Early in the afternoon, the Dow was off by more than 1,000 points, or about three per cent, and the tech-heavy Nasdaq was faring even worse as investors worried about the prospect of war in Ukraine.

“What really sparked the sell-off today is the fact that we seem to be marching inexorably towards a full-scale invasion of Ukraine by Russia,” Dennis Mitchell, CEO of Toronto-based investment firm Starlight Capital, said in an interview.

Canadian shares were not exempt from the sell-off, as the benchmark Canadian index was on track for its worst day in months, down more than 600 points, or three per cent at one point.

In the afternoon, however, the market changed direction and investors started buying up shares. All three major U.S. stock groupings, the Dow Jones Industrial Average, the S&P 500 and the Nasdaq, finished the day in positive territory.

“The selling that you’re seeing today is usually a good indication that this is a good buying moment,” Mitchell said.

After falling nearly three per cent by midday, the TSX mounted a comeback of its own in the afternoon but fell short of reversing its losses, and closed the day down 50 points to 20,571.

Dianne Swonk, chief economist with Grant Thornton, said the pandemic has been a time of unprecedented volatility for almost two solid years now, and that can sometimes result in wild swings for stock prices.

“This is giving us a lot of turbulence out there,” she said in an interview, “and the problem is it it ups the uncertainty at a time when uncertainty is already high.”

Higher rates coming

Prior to Monday’s trading, the major event of the week was slated to be the Bank of Canada’s interest rate decision on Wednesday. Expectations are growing that central banks will soon have to raise their interest rates to keep a lid on inflation, which has run up to the highest level we’ve seen in decades lately.

All things being equal, higher interest rates are bad news for stocks because they raise the cost of borrowing.

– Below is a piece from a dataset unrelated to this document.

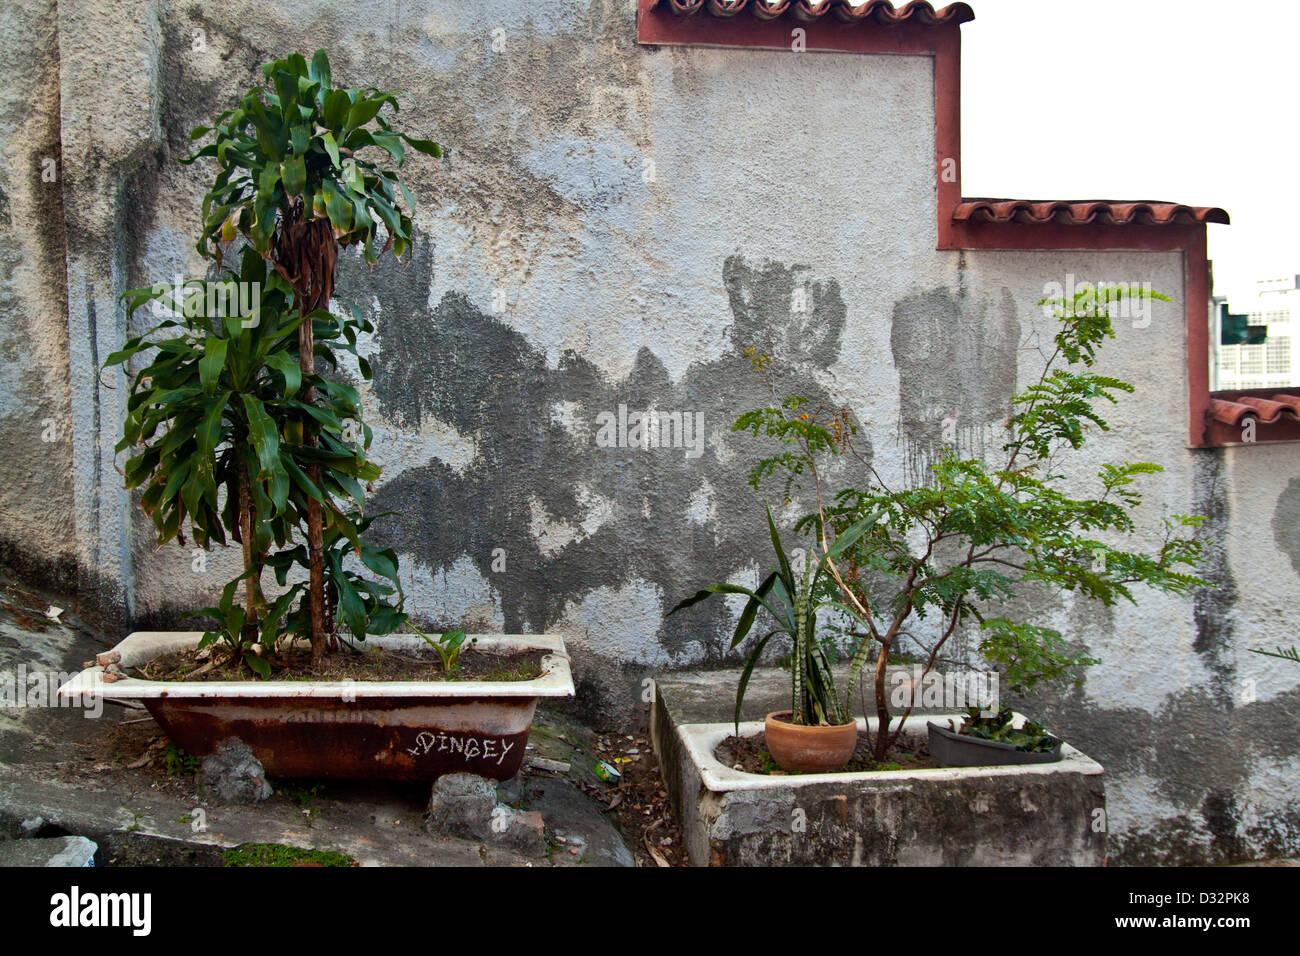 Vasca da bagno piante foto & immagine stock: 53536764 alamy

That gives companies and investors less of an incentive to borrow to invest.

Currently, the market is pricing in about a 60 per cent chance of a rate hike in Canada as soon as this week. If one doesn’t come this time around, it’s a near certainty to happen next time the bank meets in March, according to trading in investments known as swaps.

Swonk said some of the uncertainty comes from figuring out how central banks are going to try to find the right balance between keeping a lid on inflation but also not harming the economy that is still being hit by Omicron.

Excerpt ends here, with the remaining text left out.